• [Exercise objective] The copy you print must match the listing exactly, with its pictures removed.

• [Information shown]
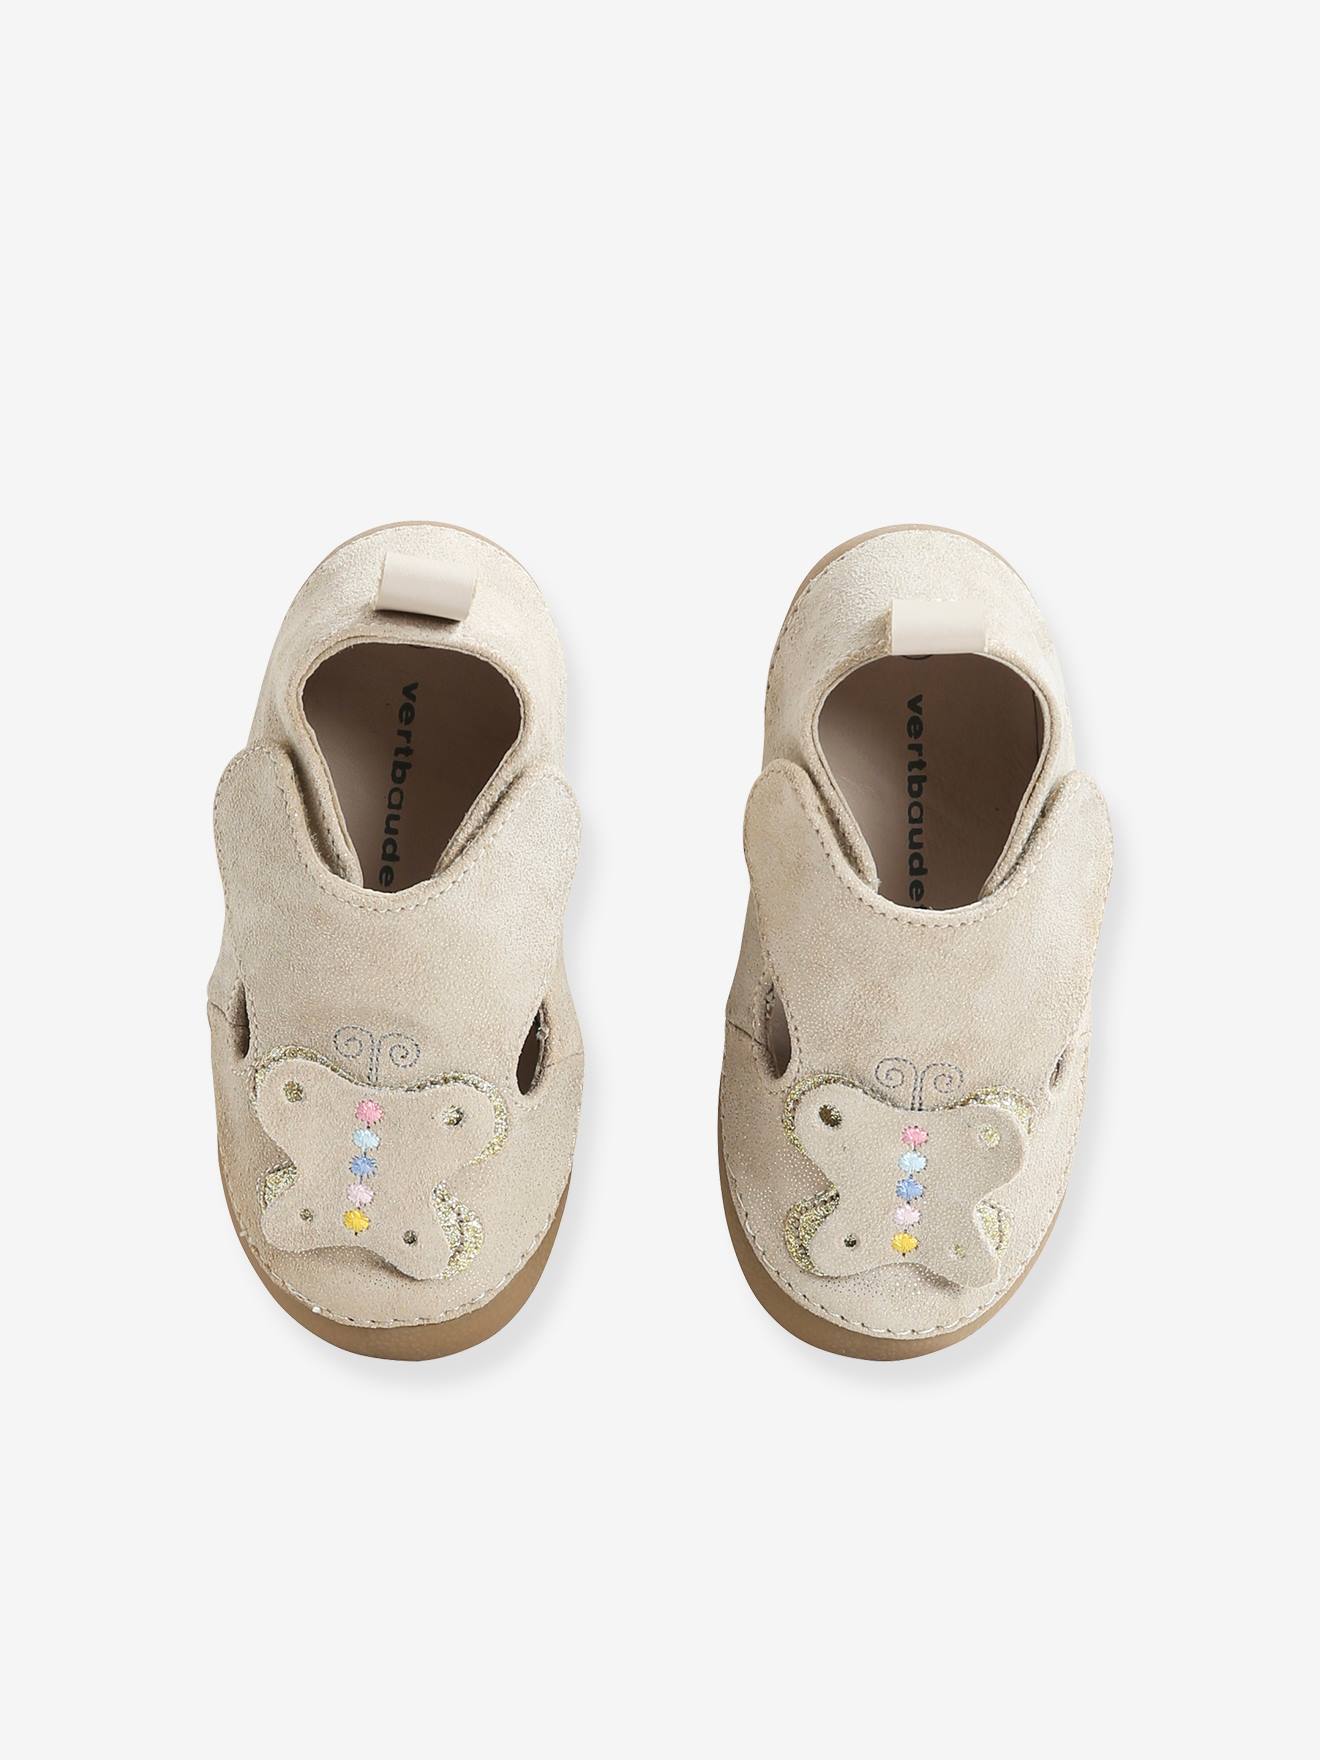 Filles sandales bébé chaussons chaussures en cuir antibactérien semelle tailles uk 3-9 
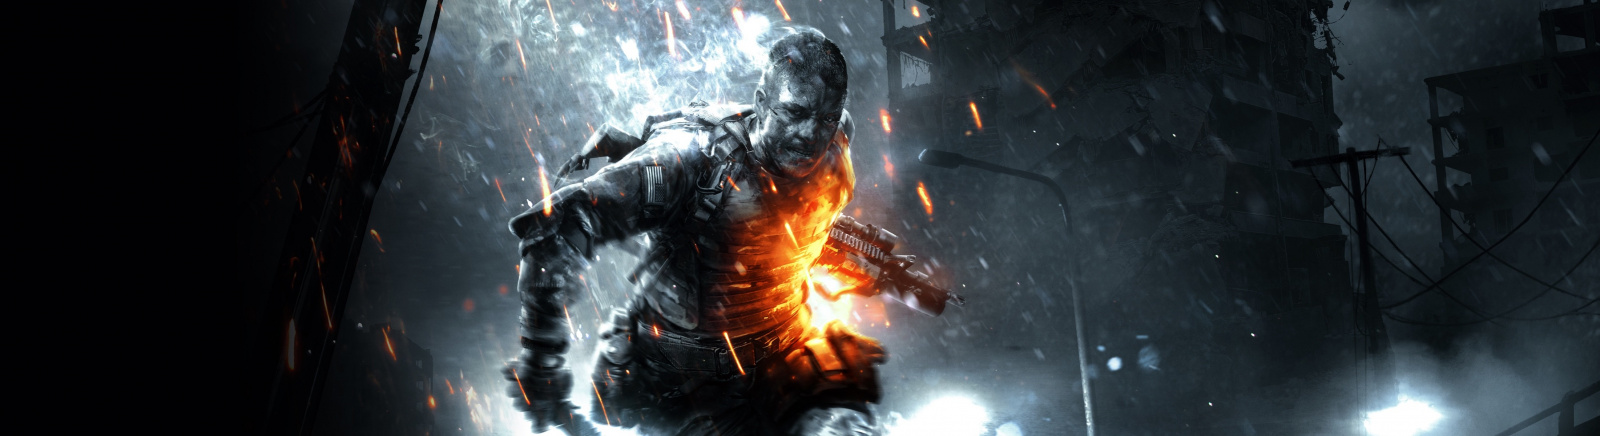 Дата выхода Battlefield 3: Aftermath  на PC, PS3 и Xbox 360 в России и во всем мире
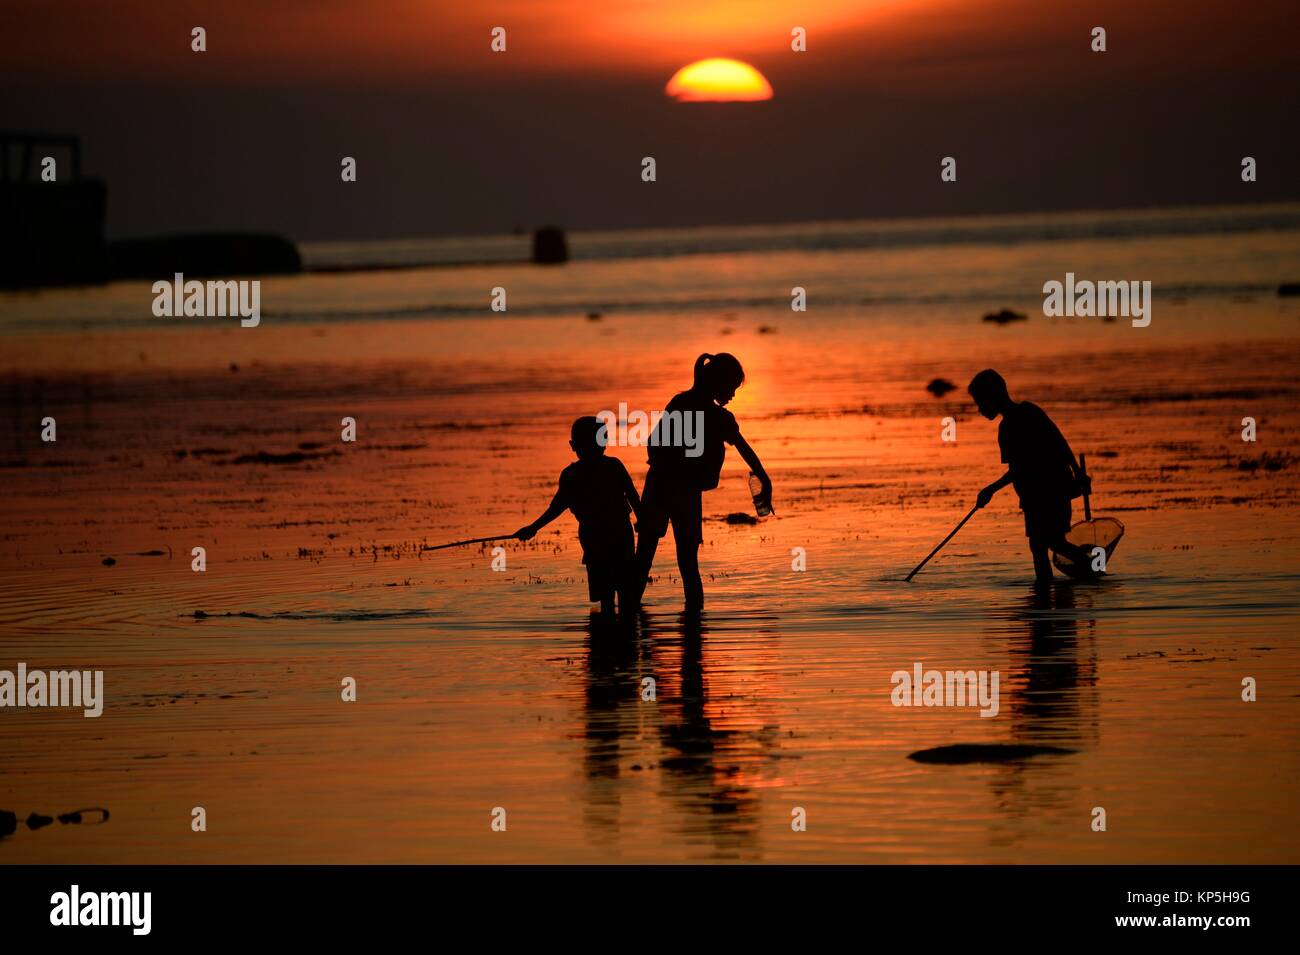 Silhouette of children fishing at sunset in Lovina Beach,Bali island,Indonesia. Stock Photo

• [Solution to this problem]
 Filles sandales bébé chaussons chaussures en cuir antibactérien semelle tailles uk 3-9 
 Дата выхода Battlefield 3: Aftermath  на PC, PS3 и Xbox 360 в России и во всем мире
 Silhouette of children fishing at sunset in Lovina Beach,Bali island,Indonesia. Stock Photo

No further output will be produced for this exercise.